**DIRECTIONS:** Line by line, set down all the data below exactly, omitting any picture.

**DATA SHOWN:**
........

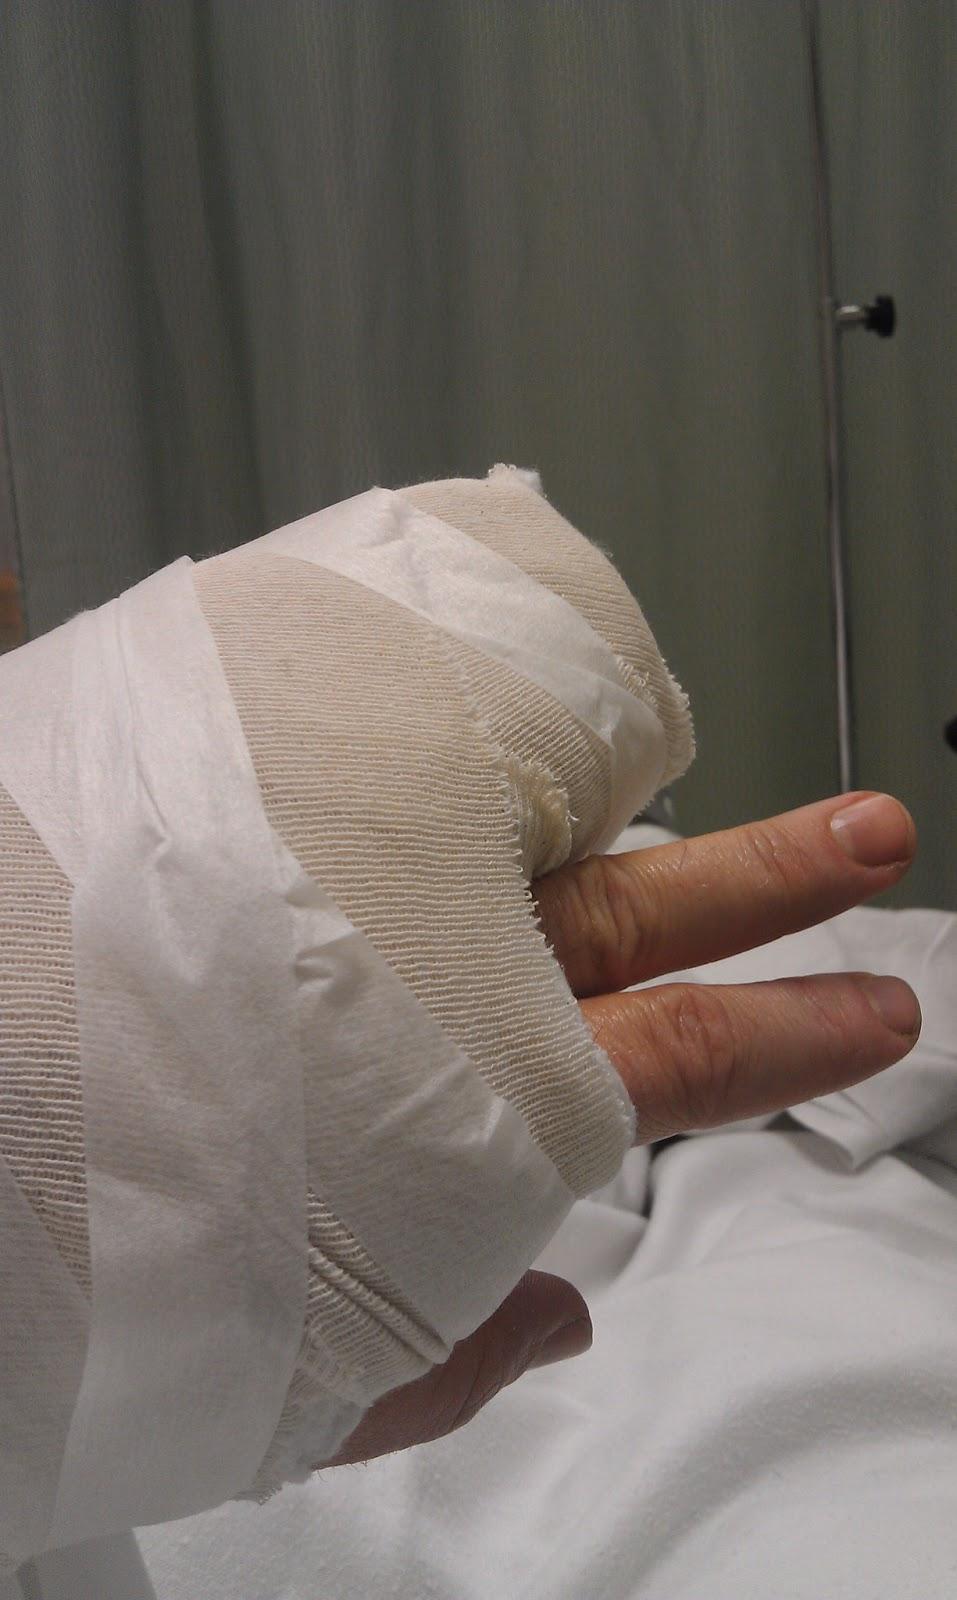 Bandaged+hand.jpg
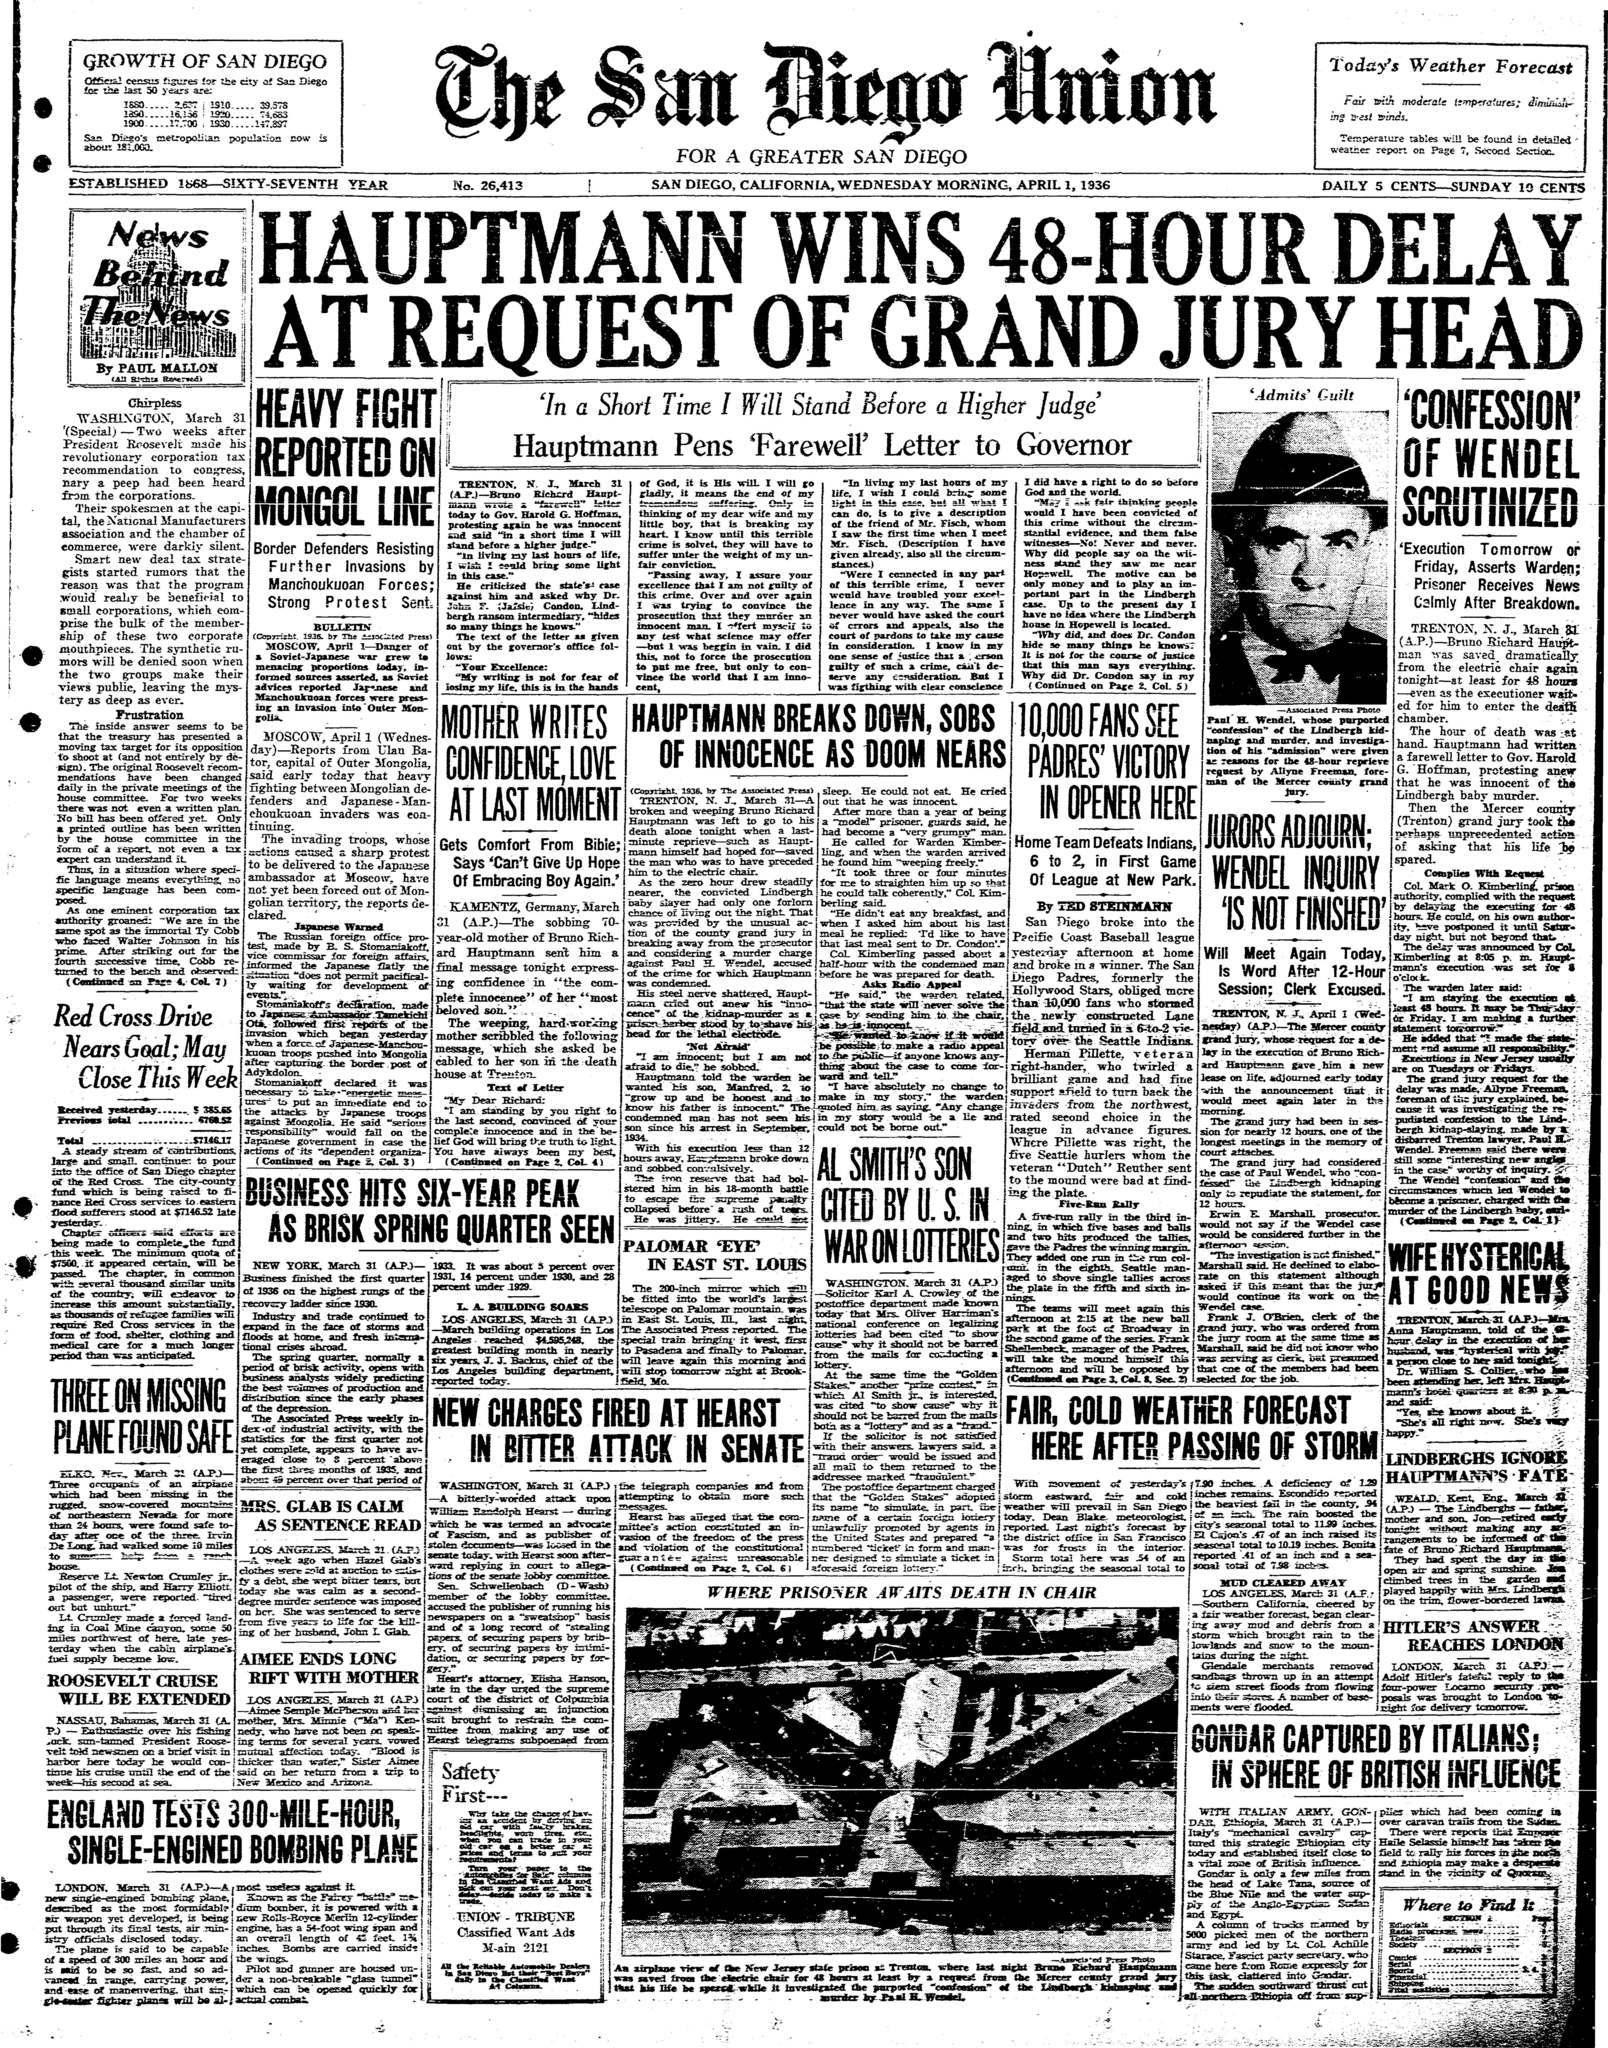 April 1, 1936
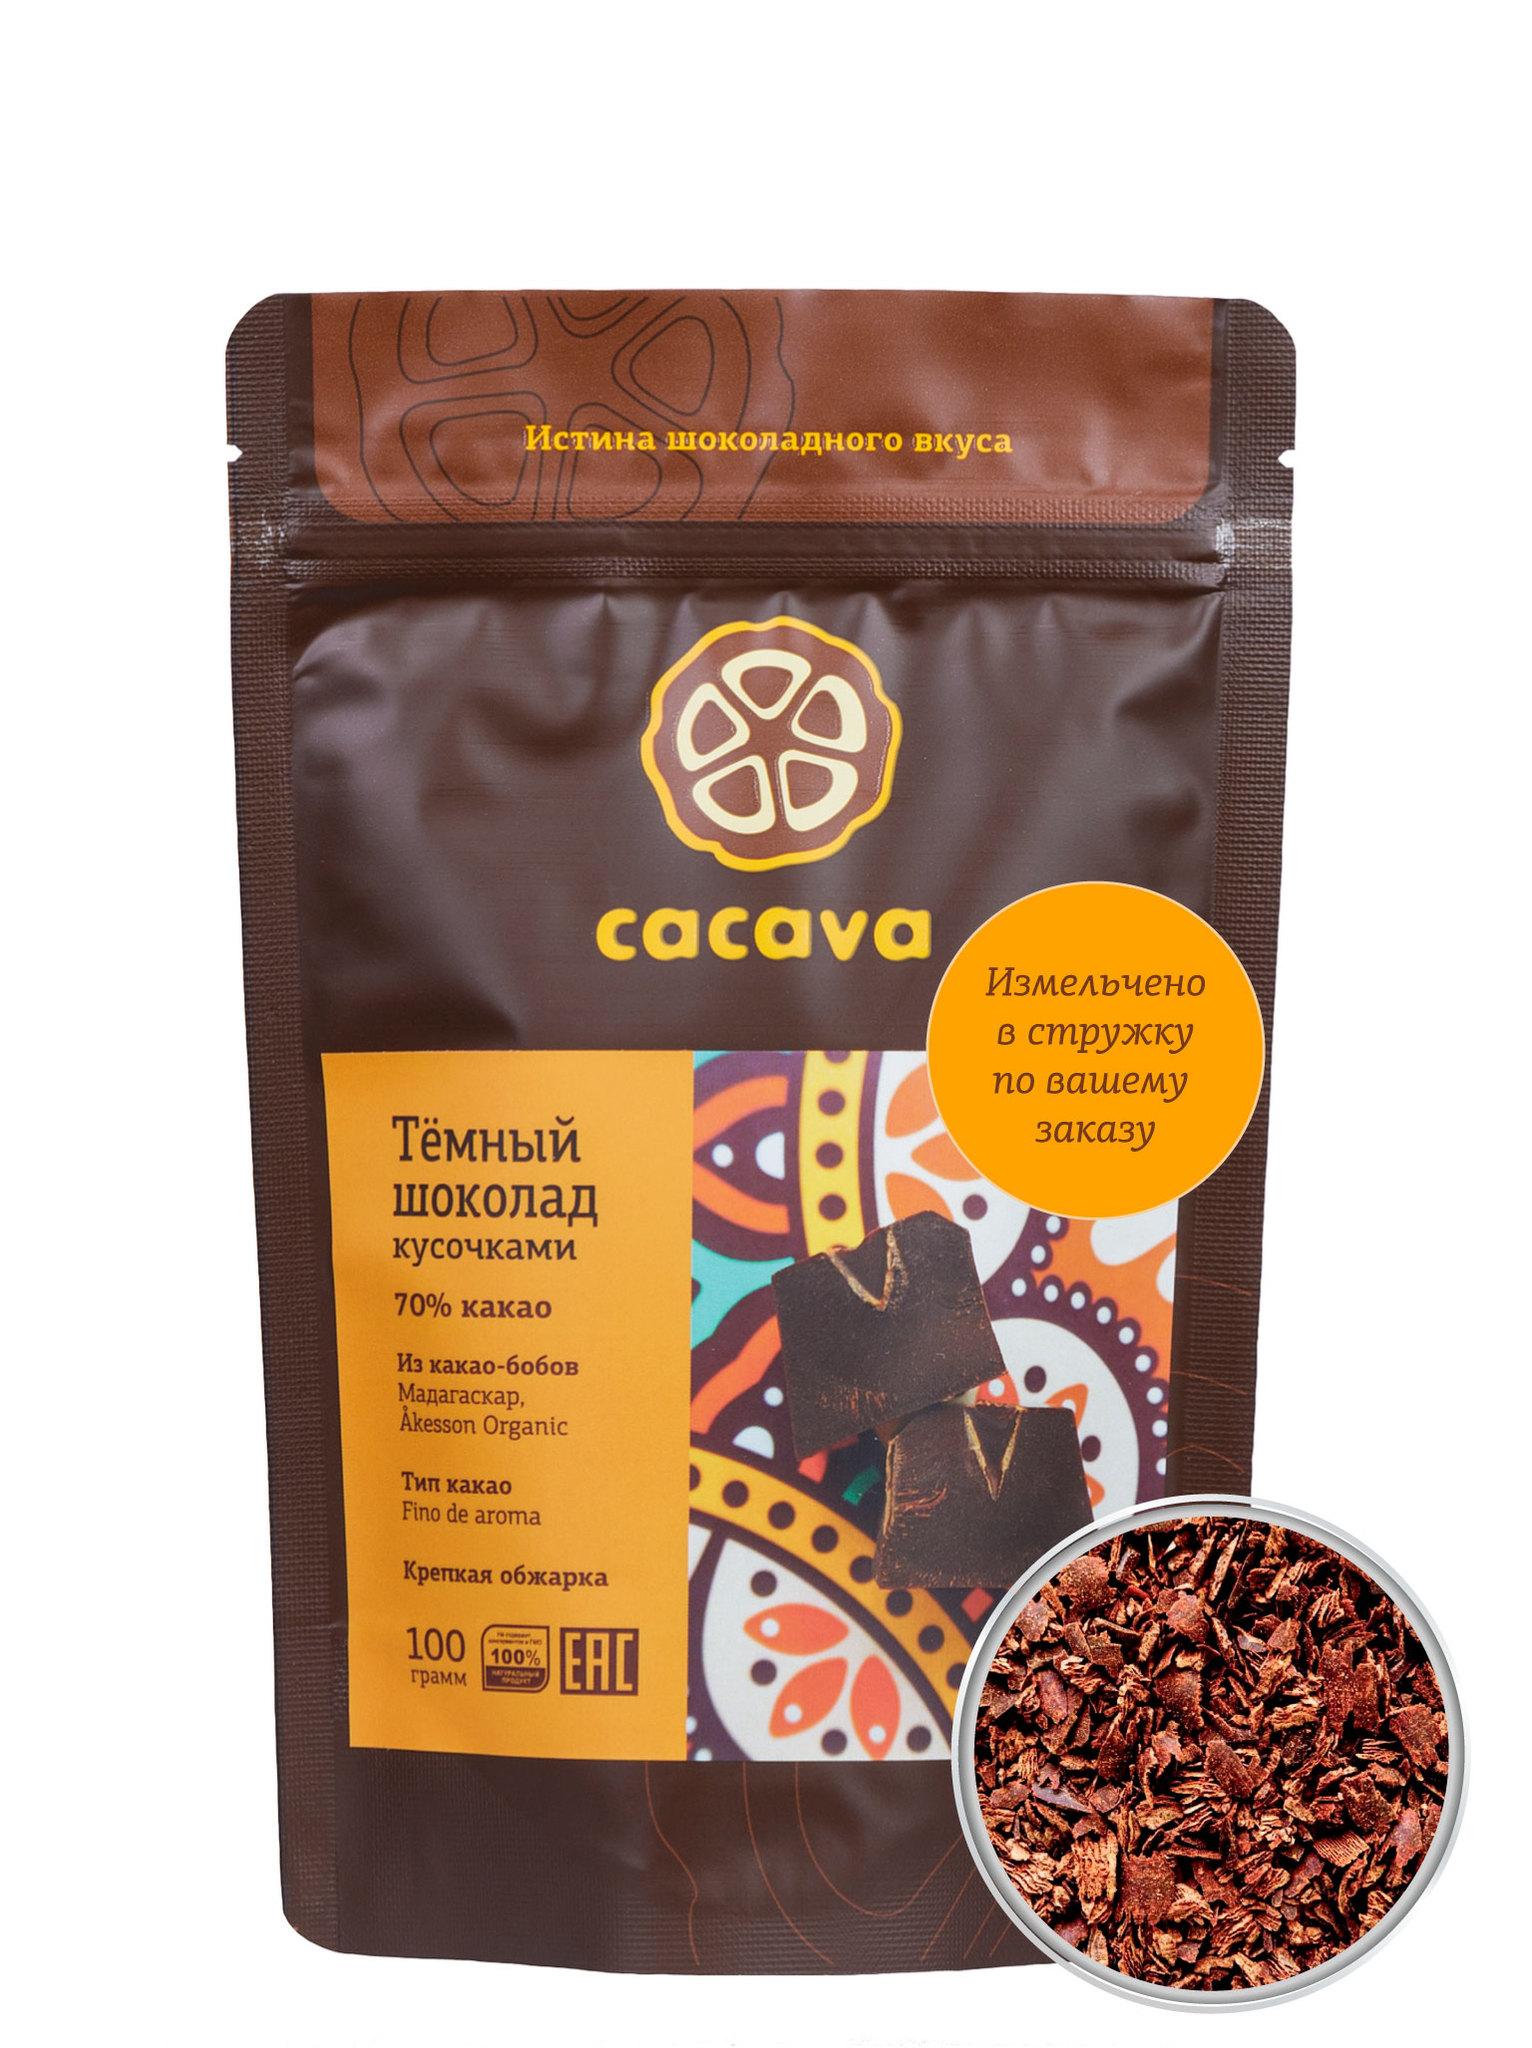 Тёмный шоколад 70 % какао в стружке (Мадагаскар, Åkesson), упаковка 100 грамм

........

**TASK OUTPUT:**
 Bandaged+hand.jpg
 April 1, 1936
 Тёмный шоколад 70 % какао в стружке (Мадагаскар, Åkesson), упаковка 100 грамм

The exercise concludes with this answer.